▶ **Provided material**:
=== Begin Enclosure ===

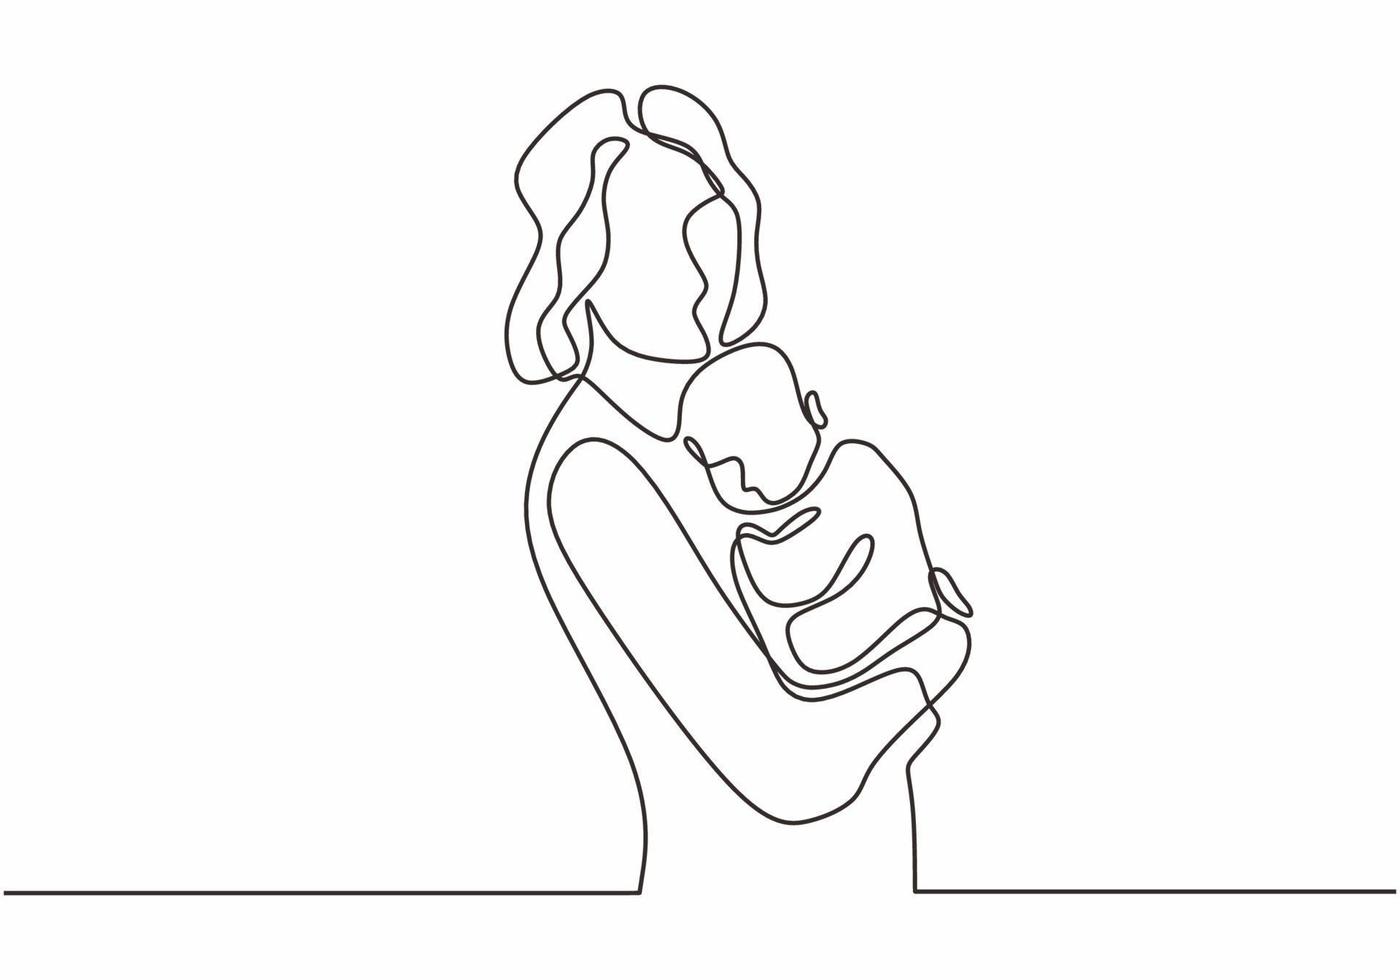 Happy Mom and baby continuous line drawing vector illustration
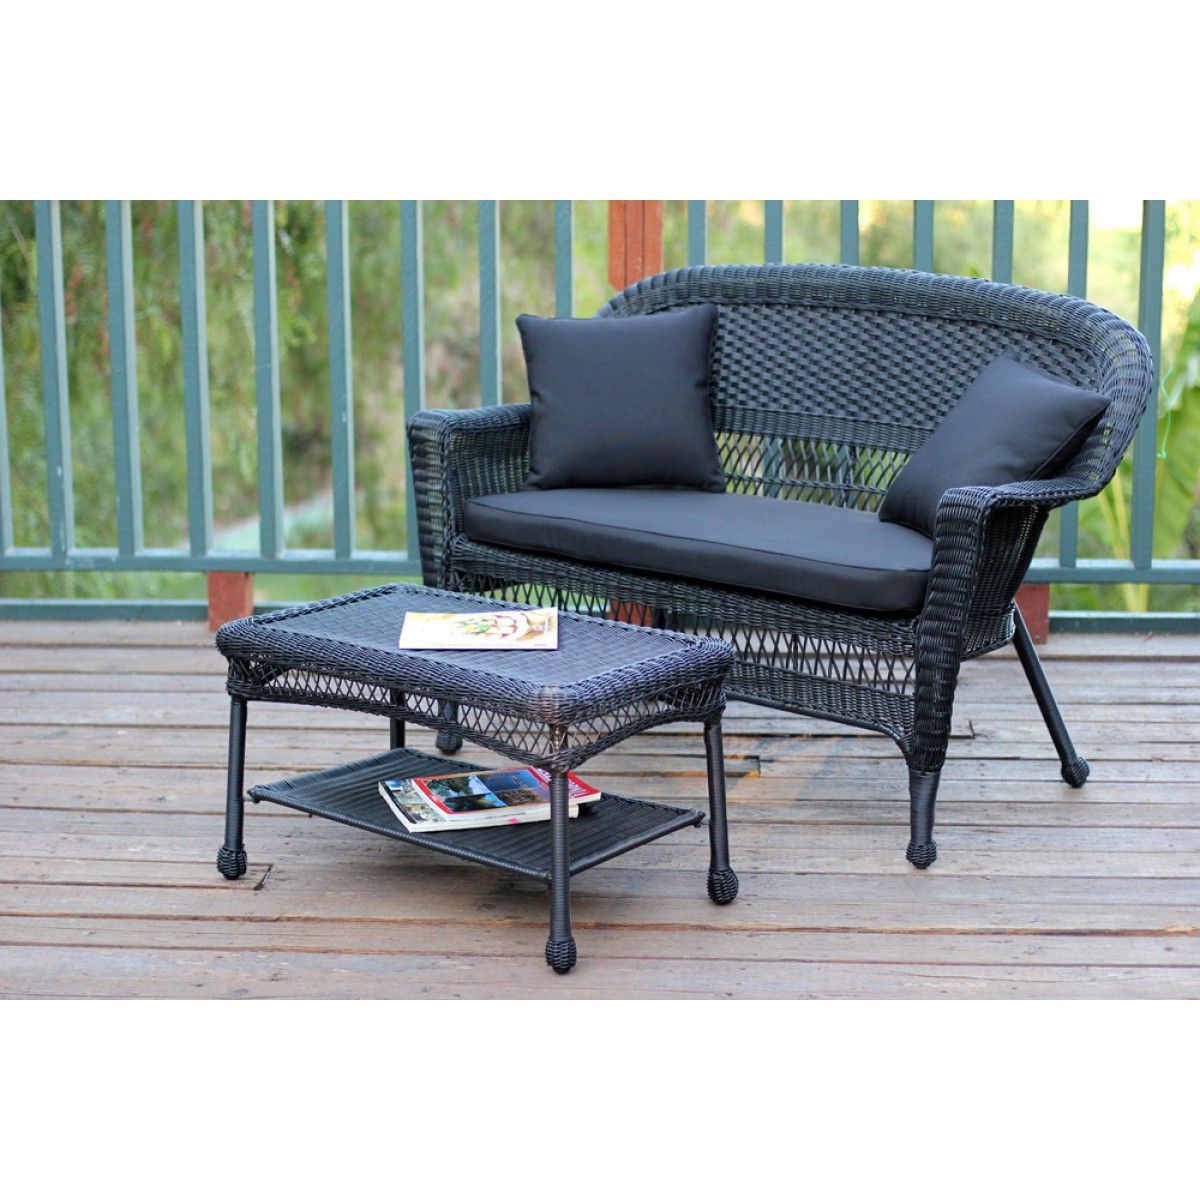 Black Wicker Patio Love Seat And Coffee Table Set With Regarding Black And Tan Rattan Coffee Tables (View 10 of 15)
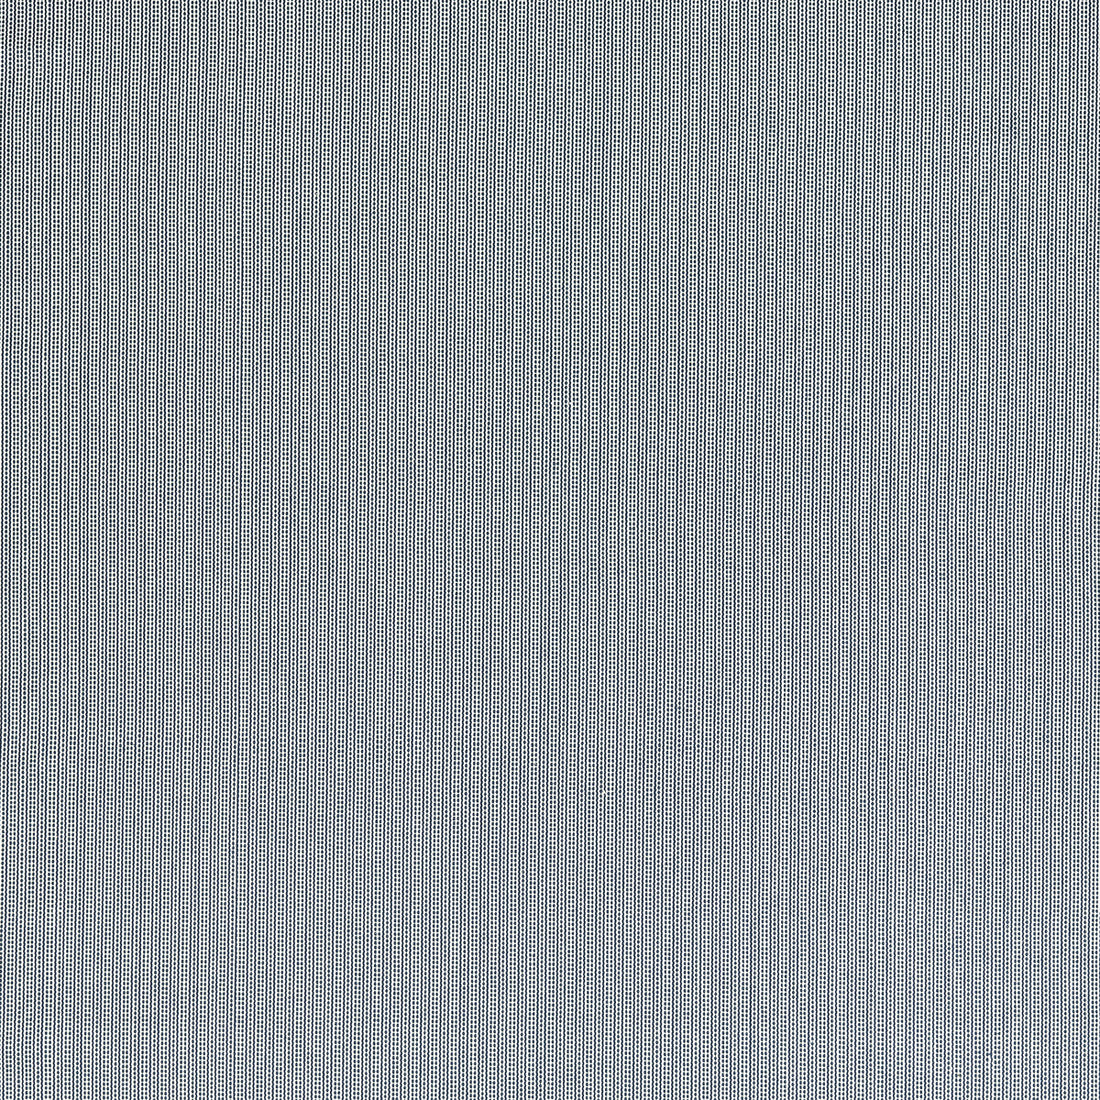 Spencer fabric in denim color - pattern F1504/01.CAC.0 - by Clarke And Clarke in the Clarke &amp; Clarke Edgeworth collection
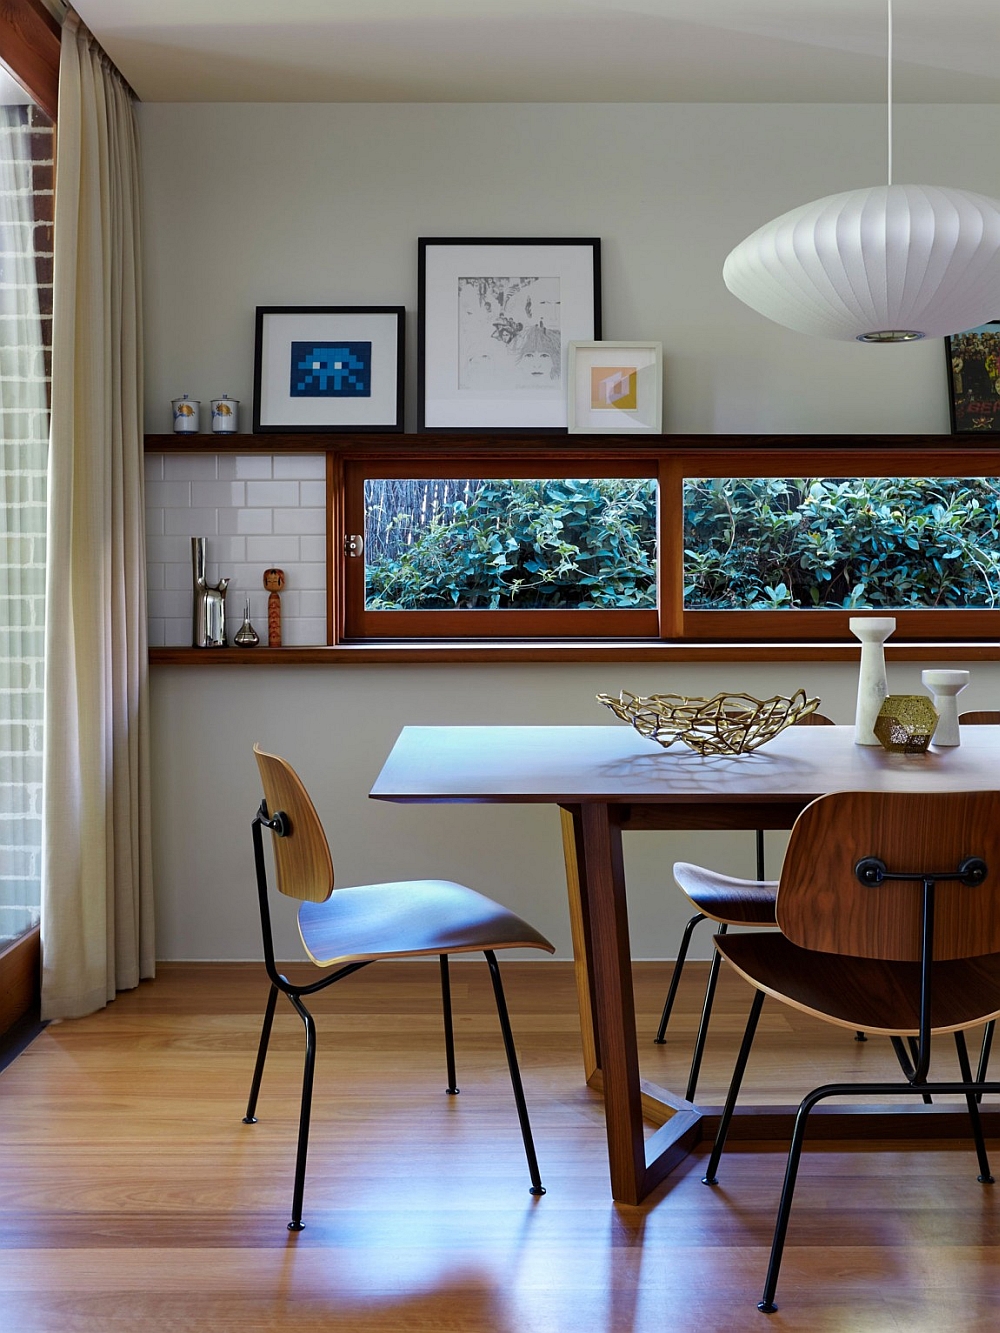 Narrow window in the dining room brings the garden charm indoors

=== End Enclosure ===

▶ **Work instruction**:
The span to retype runs from the line containing "Black Wicker Patio" through the last line of the listing above, both ends included; copy it exactly, without pictures.

▶ **Result for this task**:
 Black Wicker Patio Love Seat And Coffee Table Set With Regarding Black And Tan Rattan Coffee Tables (View 10 of 15)
 Spencer fabric in denim color - pattern F1504/01.CAC.0 - by Clarke And Clarke in the Clarke &amp; Clarke Edgeworth collection
 Narrow window in the dining room brings the garden charm indoors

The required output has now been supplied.